Last night, ARM officially unveiled its Cortex-A78 and Cortex-X1 architectures, with the former slated for large cores and the latter for very large cores.
According to officials, the Cortex-A78 can improve the performance of the 20% while reducing the power consumption of the 50% during the 5-nanometer process.
But in fact, since this architecture is the same Austin microarchitecture as the A76/A77, the A78's IPC performance is actually only 71 TP3T higher, power consumption is 41 TP3T lower, cores are 51 TP3T smaller, and the cluster area of the quad cores is 151 TP3T smaller.
The 20% performance and 50% power consumption mentioned above is more of a frequency advantage and process advantage.
According to official data, the 7 nm process Cortex-A77 can reach 2.6 GHz while the 5 nm process A78 can reach 3 GHz, a sustained performance increase of about 20% at the same power consumption.
The Cortex-A77 power consumption of the Cortex-A78 core made in a 5 nm process with a Cortex-A77 clocked at 2.1 GHz is reduced by 50% compared to the Cortex-A78 core made in a 7 nm process.
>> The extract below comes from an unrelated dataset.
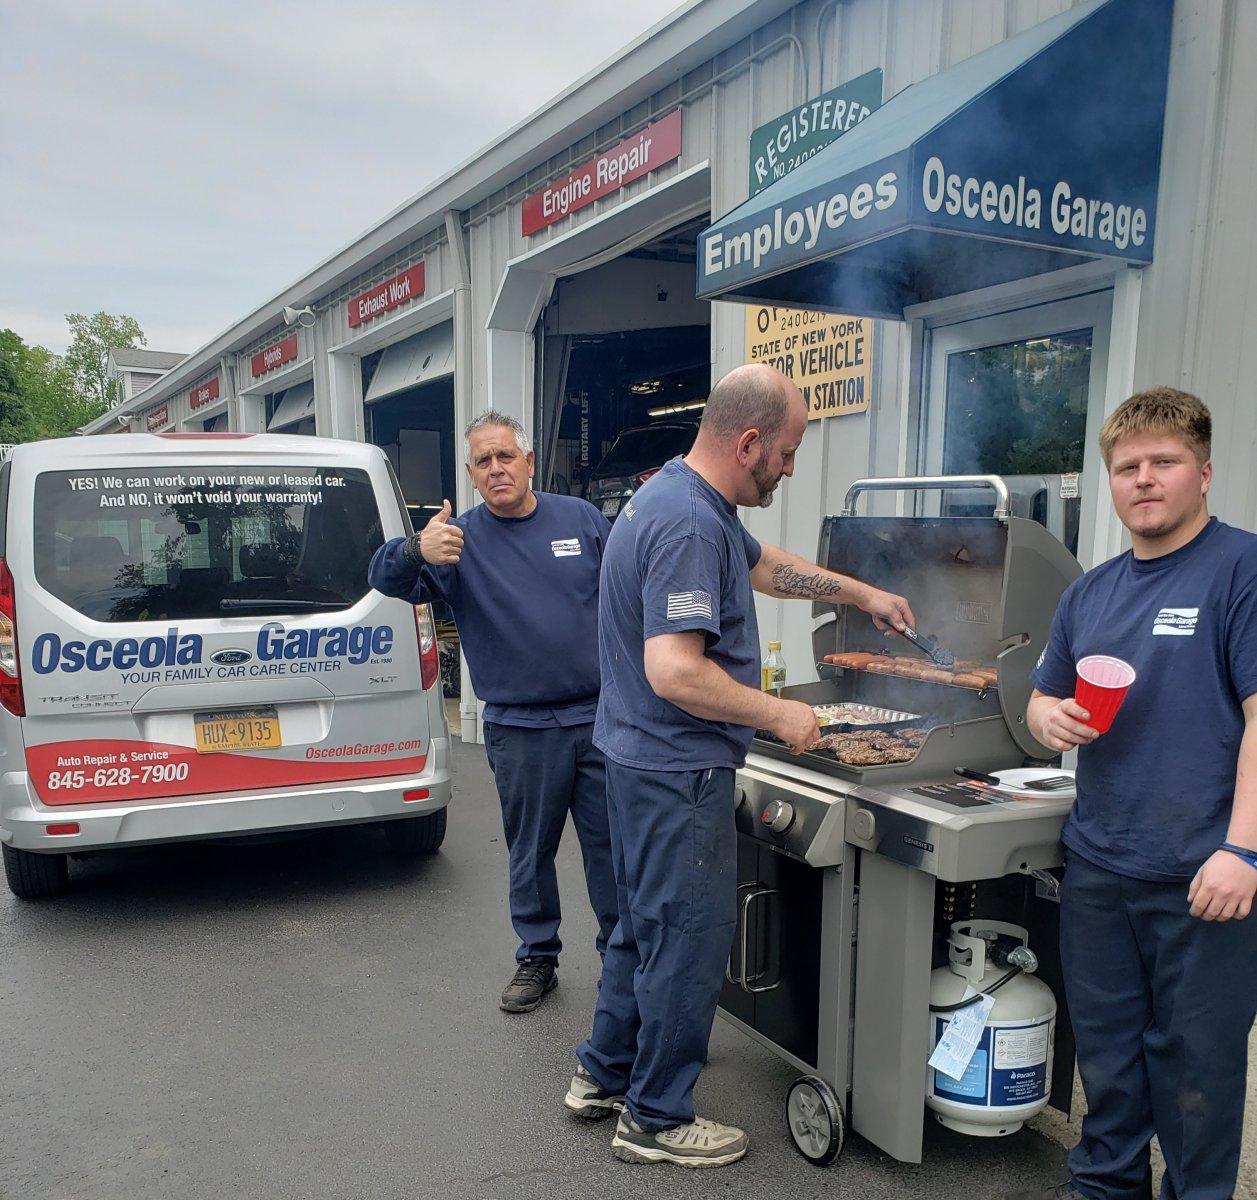 Friday BBQ at Osceola Garage, Joe Marconi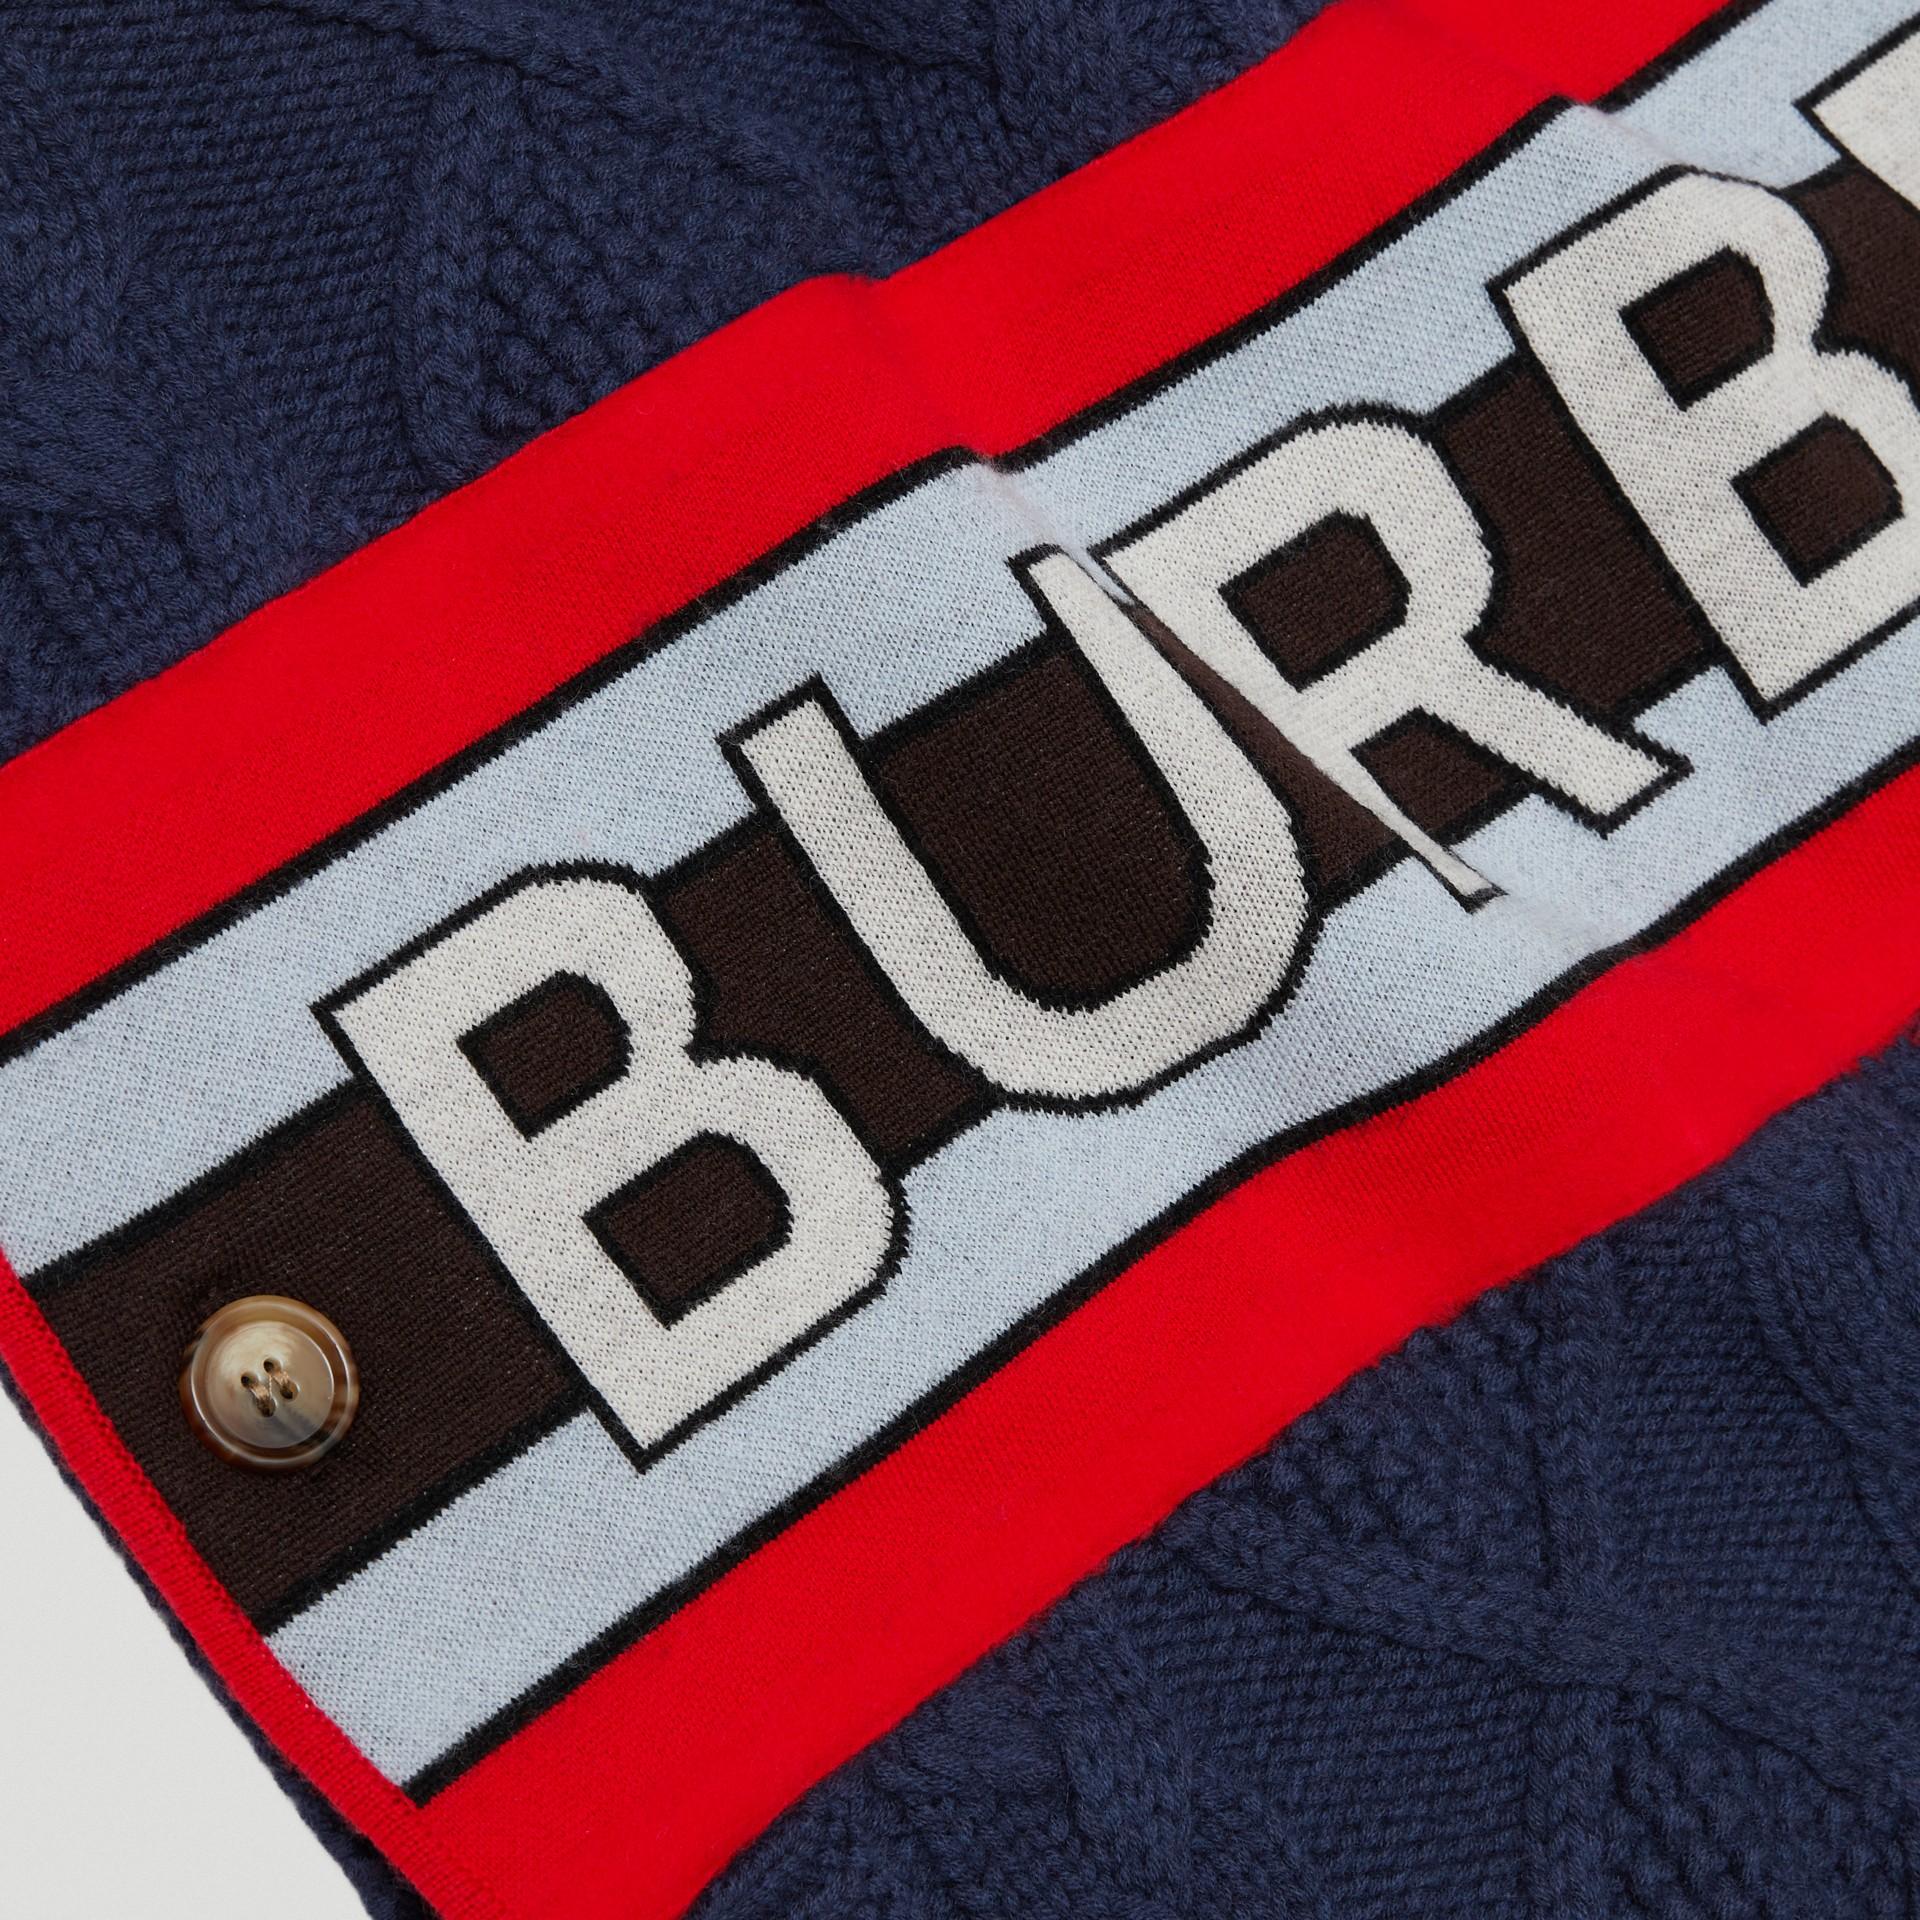 로고 패널 케이블 니트 울 캐시미어 판초 (네이비) | Burberry - 갤러리 이미지 1

Are the new big core systems a bit disappointing in terms of increased performance? Don't worry, because ARM has also released a new oversized Cortex-X1 core.
The X-cortex-X series is ARM's new high-performance core architecture, with the first product being the Cortex-X1, which improves performance by 301 TP3T compared to the A77, 221 TP3T compared to the A78, and 1,001 TP3T compared to the machine learning capabilities.
Additionally, the Cortex-X1 allows for customization to create more varied functionality, but this requires customer involvement early in the development process.
Compared to the A78, the Cortex-X1 increases the decoding bandwidth from 4 to 5 channels by 251 TP3T, and the NEON floating point is increased from 2 bars of 128 b to 4 bars of 128 b, which corresponds to a doubling of the floating point performance.
In terms of cache, the Cortex-X1 has 64 KB of L1 cache, 1 MB of L2, and 8 MB of L3, which is twice as much as the Cortex-A78.
For core pairing, Cortex-X1 can be combined with Cortex-A78 and Cortex-A55 to form a triple-core series architecture, i.e., X1 series, A78 series, and quad-core series, taking into account both mega-cores and small cores.
The architecture can be matched with ARM's official documentation of 1 MBL2, 8 MBL3 to form a set of DynamIQ clusters. In case of 4 Cortex-A78, paired with 4 MBL3 cache, the performance is increased by 201 TP3T over the previous generation, while the core area is reduced by 151 TP3T. and in case of Cortex-X1,3Cortex-A78 paired with 8 MBL3 cache, although the core area is increased by 151 TP3T, the maximum performance is increased by 30%.
In short, Cortex-X1 offers a significant performance increase, but it does have a much larger core area, which means more transistors, higher cost and higher power consumption, depending on the trade-offs made by the solution vendor.